### Extracted records:
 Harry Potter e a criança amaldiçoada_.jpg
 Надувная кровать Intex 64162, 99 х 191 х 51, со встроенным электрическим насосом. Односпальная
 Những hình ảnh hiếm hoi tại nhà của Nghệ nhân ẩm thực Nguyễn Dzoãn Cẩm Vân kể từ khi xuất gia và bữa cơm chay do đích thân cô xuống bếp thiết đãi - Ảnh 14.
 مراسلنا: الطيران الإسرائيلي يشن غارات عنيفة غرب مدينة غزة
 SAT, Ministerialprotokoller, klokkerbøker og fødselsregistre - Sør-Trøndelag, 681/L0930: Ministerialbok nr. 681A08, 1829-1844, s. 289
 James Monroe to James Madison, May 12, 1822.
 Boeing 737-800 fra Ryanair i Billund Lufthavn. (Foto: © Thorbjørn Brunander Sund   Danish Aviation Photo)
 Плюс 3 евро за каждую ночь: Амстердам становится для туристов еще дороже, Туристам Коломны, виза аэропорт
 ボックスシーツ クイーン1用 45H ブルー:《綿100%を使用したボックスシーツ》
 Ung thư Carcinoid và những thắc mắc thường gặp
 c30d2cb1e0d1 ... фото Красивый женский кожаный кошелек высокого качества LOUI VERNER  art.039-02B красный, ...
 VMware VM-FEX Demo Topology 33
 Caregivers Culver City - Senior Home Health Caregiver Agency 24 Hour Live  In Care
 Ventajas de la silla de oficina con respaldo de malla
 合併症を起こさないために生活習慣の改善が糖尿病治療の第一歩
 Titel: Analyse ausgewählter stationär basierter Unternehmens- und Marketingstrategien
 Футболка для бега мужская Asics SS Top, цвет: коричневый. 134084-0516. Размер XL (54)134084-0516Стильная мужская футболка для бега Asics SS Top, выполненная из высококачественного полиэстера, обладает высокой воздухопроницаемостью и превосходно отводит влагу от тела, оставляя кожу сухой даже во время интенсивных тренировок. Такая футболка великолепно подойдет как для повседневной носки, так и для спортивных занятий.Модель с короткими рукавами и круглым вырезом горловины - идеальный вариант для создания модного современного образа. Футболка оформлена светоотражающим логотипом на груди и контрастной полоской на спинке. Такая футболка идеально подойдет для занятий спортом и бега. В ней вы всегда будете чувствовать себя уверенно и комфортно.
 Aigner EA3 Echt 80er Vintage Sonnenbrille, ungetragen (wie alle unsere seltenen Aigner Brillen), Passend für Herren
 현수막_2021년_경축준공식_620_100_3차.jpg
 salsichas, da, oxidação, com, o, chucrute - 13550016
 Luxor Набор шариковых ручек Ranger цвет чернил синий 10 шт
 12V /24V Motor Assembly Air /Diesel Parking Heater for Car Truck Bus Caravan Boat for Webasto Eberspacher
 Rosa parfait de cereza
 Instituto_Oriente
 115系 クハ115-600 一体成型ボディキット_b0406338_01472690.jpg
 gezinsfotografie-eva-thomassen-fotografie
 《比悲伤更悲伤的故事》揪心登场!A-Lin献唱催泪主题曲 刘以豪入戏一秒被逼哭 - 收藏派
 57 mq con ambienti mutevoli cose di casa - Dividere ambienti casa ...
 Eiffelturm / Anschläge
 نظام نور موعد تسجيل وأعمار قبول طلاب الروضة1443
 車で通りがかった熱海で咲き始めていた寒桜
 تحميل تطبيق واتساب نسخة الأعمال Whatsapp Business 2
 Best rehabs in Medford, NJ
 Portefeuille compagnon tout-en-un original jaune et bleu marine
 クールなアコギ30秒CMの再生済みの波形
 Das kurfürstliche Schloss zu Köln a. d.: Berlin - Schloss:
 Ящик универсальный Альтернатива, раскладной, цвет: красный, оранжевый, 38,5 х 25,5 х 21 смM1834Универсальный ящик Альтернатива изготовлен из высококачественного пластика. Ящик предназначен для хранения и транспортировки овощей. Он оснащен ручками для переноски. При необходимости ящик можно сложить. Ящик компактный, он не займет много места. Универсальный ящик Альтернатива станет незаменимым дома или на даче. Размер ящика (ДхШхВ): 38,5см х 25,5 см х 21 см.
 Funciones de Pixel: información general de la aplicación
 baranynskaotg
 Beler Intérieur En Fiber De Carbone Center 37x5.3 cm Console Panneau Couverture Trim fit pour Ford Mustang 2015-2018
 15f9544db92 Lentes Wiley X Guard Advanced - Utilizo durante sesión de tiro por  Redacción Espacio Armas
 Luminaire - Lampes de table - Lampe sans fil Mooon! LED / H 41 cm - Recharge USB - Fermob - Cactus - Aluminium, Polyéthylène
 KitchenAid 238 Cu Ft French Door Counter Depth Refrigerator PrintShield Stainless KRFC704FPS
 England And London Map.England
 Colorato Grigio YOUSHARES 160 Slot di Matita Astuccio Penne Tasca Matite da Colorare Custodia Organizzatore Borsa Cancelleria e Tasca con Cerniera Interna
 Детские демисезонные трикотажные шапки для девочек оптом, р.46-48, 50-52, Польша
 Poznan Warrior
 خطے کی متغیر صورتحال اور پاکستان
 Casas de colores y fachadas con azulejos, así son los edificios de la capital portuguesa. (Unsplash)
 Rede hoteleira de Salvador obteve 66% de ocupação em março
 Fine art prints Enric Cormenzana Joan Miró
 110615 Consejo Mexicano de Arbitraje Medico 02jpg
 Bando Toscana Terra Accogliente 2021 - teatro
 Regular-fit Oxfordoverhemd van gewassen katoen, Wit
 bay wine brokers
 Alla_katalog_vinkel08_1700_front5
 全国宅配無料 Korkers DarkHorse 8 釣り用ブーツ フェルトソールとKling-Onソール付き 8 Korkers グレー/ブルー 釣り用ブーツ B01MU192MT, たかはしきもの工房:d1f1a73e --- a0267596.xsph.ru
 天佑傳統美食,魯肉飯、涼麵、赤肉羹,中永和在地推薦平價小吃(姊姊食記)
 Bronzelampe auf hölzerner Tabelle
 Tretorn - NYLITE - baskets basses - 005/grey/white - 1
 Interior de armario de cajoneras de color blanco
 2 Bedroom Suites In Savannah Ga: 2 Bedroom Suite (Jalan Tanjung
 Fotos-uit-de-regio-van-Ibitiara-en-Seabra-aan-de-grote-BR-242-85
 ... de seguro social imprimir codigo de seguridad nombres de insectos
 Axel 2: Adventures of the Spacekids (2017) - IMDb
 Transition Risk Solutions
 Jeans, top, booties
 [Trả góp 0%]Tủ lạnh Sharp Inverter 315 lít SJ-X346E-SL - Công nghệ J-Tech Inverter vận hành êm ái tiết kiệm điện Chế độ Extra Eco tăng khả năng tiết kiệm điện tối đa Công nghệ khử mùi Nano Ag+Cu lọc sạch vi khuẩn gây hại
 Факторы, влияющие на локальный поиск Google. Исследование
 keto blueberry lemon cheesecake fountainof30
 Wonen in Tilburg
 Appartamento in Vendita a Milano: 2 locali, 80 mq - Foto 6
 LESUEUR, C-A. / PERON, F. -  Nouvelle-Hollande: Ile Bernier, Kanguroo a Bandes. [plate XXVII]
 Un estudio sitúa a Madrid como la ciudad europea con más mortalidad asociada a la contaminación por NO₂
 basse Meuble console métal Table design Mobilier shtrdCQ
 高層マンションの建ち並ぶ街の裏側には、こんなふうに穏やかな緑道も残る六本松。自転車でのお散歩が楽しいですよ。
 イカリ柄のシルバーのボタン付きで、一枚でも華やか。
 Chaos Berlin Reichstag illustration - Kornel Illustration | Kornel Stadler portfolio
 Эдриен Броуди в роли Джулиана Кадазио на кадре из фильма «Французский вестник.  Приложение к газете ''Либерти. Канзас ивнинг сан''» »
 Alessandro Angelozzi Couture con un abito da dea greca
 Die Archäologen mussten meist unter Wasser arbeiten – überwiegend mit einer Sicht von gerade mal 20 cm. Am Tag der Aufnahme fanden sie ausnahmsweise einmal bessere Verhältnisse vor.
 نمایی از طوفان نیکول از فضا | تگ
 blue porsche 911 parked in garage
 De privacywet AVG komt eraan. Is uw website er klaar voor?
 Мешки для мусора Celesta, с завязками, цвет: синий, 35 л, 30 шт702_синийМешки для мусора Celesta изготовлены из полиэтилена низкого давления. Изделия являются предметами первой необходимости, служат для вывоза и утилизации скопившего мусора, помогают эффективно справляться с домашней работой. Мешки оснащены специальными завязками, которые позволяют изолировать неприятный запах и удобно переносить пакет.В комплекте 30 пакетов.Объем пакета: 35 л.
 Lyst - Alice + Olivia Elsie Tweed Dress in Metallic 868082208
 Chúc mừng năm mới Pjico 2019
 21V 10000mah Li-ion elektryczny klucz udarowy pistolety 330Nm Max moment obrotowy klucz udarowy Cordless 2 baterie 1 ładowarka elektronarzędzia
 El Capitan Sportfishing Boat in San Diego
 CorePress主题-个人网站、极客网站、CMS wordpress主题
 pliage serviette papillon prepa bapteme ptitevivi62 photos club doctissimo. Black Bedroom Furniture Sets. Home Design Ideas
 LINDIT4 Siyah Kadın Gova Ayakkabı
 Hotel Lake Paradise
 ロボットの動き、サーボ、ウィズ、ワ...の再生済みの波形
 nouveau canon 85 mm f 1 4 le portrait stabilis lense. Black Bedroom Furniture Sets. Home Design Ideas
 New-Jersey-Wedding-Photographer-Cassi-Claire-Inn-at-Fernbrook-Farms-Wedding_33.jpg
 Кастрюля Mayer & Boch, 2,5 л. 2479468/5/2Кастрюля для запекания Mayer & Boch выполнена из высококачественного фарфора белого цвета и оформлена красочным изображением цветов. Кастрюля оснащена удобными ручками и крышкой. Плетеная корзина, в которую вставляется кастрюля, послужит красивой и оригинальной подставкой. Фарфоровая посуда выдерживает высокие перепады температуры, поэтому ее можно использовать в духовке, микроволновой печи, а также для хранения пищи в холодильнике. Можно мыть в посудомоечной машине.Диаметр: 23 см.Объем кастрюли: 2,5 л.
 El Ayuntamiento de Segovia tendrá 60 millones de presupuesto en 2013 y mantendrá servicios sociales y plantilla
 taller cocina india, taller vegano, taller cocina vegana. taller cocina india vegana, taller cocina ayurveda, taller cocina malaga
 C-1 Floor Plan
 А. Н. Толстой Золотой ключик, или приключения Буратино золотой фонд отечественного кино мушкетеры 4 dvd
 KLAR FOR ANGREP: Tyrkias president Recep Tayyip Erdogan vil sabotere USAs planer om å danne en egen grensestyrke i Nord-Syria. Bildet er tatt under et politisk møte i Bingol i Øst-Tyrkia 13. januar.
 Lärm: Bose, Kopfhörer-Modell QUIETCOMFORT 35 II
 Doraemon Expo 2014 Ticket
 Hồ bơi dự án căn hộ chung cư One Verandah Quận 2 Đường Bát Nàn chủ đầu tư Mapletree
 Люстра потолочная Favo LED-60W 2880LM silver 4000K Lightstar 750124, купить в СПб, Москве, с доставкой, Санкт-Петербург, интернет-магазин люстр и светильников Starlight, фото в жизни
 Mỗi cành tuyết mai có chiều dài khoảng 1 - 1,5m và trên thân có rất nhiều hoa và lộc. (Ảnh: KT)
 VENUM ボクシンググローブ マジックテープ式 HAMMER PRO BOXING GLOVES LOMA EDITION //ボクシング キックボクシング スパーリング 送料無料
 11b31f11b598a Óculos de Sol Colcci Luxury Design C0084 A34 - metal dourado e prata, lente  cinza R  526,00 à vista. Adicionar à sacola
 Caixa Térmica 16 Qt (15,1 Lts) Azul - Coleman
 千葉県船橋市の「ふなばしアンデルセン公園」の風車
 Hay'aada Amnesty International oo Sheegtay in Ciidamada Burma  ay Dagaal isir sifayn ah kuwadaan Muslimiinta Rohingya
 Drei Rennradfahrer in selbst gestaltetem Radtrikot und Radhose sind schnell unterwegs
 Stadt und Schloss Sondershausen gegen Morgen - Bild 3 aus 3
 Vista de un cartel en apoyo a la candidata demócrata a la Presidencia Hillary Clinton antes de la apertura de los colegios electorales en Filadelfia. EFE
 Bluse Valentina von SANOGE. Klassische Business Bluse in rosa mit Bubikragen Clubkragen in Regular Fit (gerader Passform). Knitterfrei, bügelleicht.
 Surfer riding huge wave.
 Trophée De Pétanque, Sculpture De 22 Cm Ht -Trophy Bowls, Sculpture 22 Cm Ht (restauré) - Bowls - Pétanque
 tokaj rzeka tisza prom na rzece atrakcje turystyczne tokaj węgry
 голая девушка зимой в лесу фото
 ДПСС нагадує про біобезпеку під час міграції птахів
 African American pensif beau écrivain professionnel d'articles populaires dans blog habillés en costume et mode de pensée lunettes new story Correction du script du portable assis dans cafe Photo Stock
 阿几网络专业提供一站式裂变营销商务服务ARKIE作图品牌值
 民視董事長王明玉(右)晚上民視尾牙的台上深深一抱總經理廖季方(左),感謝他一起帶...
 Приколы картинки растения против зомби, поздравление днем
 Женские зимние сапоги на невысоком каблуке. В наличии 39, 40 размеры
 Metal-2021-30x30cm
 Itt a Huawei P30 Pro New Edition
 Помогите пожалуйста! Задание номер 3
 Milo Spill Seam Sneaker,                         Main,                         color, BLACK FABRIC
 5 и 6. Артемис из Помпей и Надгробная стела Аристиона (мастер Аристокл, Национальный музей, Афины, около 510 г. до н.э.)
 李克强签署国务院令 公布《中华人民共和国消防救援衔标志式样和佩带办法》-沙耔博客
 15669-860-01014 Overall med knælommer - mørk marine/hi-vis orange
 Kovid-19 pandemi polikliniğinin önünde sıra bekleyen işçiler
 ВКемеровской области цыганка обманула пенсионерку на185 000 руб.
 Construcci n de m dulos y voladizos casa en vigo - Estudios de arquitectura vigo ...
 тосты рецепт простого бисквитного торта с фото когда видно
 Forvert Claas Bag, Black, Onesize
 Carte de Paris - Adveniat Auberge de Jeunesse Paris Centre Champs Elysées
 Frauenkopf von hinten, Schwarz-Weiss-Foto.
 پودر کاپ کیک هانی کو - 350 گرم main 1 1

### How to complete this task:
Repeat exactly the lines of the listing above, from the one with "голая девушка зимой в лесу фото" down to the one with "Kovid-19 pandemi polikliniğinin"; both of those lines belong in the range.

### Answer box:
 голая девушка зимой в лесу фото
 ДПСС нагадує про біобезпеку під час міграції птахів
 African American pensif beau écrivain professionnel d'articles populaires dans blog habillés en costume et mode de pensée lunettes new story Correction du script du portable assis dans cafe Photo Stock
 阿几网络专业提供一站式裂变营销商务服务ARKIE作图品牌值
 民視董事長王明玉(右)晚上民視尾牙的台上深深一抱總經理廖季方(左),感謝他一起帶...
 Приколы картинки растения против зомби, поздравление днем
 Женские зимние сапоги на невысоком каблуке. В наличии 39, 40 размеры
 Metal-2021-30x30cm
 Itt a Huawei P30 Pro New Edition
 Помогите пожалуйста! Задание номер 3
 Milo Spill Seam Sneaker,                         Main,                         color, BLACK FABRIC
 5 и 6. Артемис из Помпей и Надгробная стела Аристиона (мастер Аристокл, Национальный музей, Афины, около 510 г. до н.э.)
 李克强签署国务院令 公布《中华人民共和国消防救援衔标志式样和佩带办法》-沙耔博客
 15669-860-01014 Overall med knælommer - mørk marine/hi-vis orange
 Kovid-19 pandemi polikliniğinin önünde sıra bekleyen işçiler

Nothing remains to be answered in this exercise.